I also believe that teachers [those who hold fast to morality] need to discuss sex education with our schoolchildren and teach them how to respect their bodies.
Having said that, and while I believe THE NATION was right in carrying the story, I am in total disagreement with the manner in which the article was written. In my opinion it was the worst form of journalism.
Why did the writer have to be so explicit – down to the fact of telling the public what the two teenagers did as they engaged in the act of sex? What came across to me was that the writer was quite smitten by what he saw.
Christine, we are living in turbulent times and we need to go back to the Bible. We need to pray for our society and pray for our youth. We need to show them love and to let them know that they are loved.
I want to take time out to commend Corey Worrell for his article in last Thursday’s paper. I commend him for his frankness. I believe he dealt with the subject at hand in the most professional way.
We have got to wake up to what is taking place within our schools and homes and stop from blaming the media for bringing us the news as it is.

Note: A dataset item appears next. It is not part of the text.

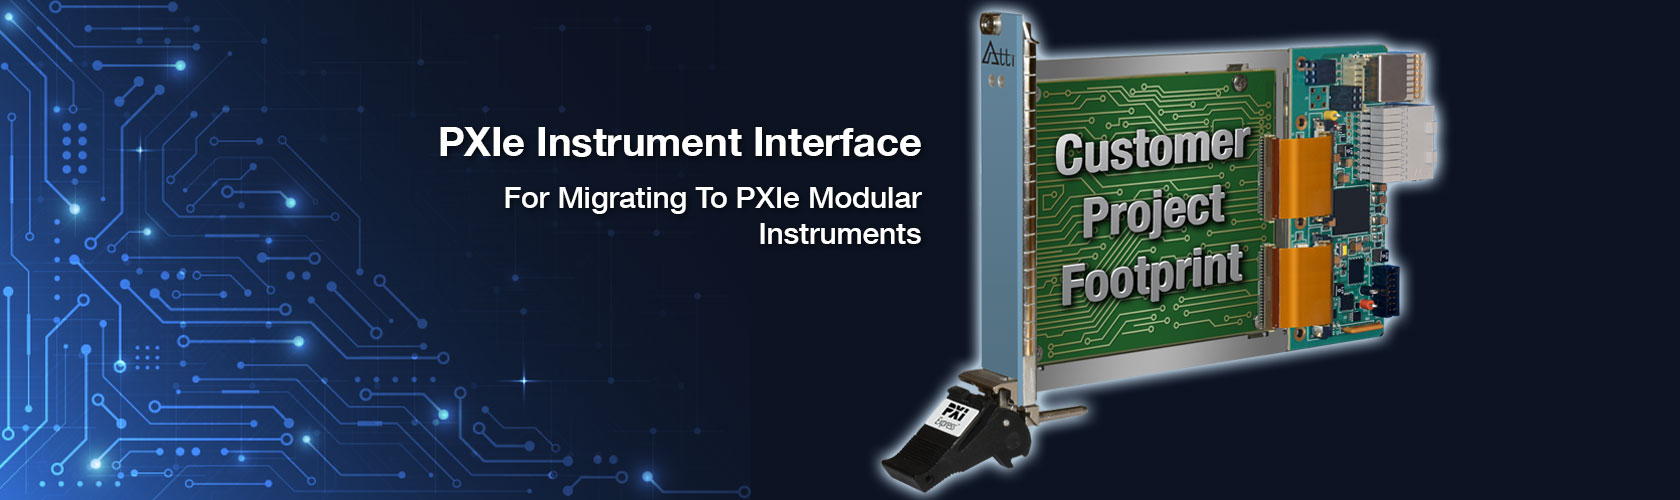 PXIe Instrument Interface

Many of us have spent such a long time on whether the article and photograph should or should not have been published, that we have missed the fact that we have a crisis on our hands and must look for ways to deal with it.
Our young people need better role models and they need God.
– S.G.
Dear S.G.,
Thanks for sharing. You’ve given readers some food for thought. I agree that we need to better educate our youth and that parents ought not to purchase the latest smartphones for their children.
You are also right in stating that we need to get back to the Bible and that we must keep praying for our young people. I will go one step further and say, we need to pray for our country as a whole.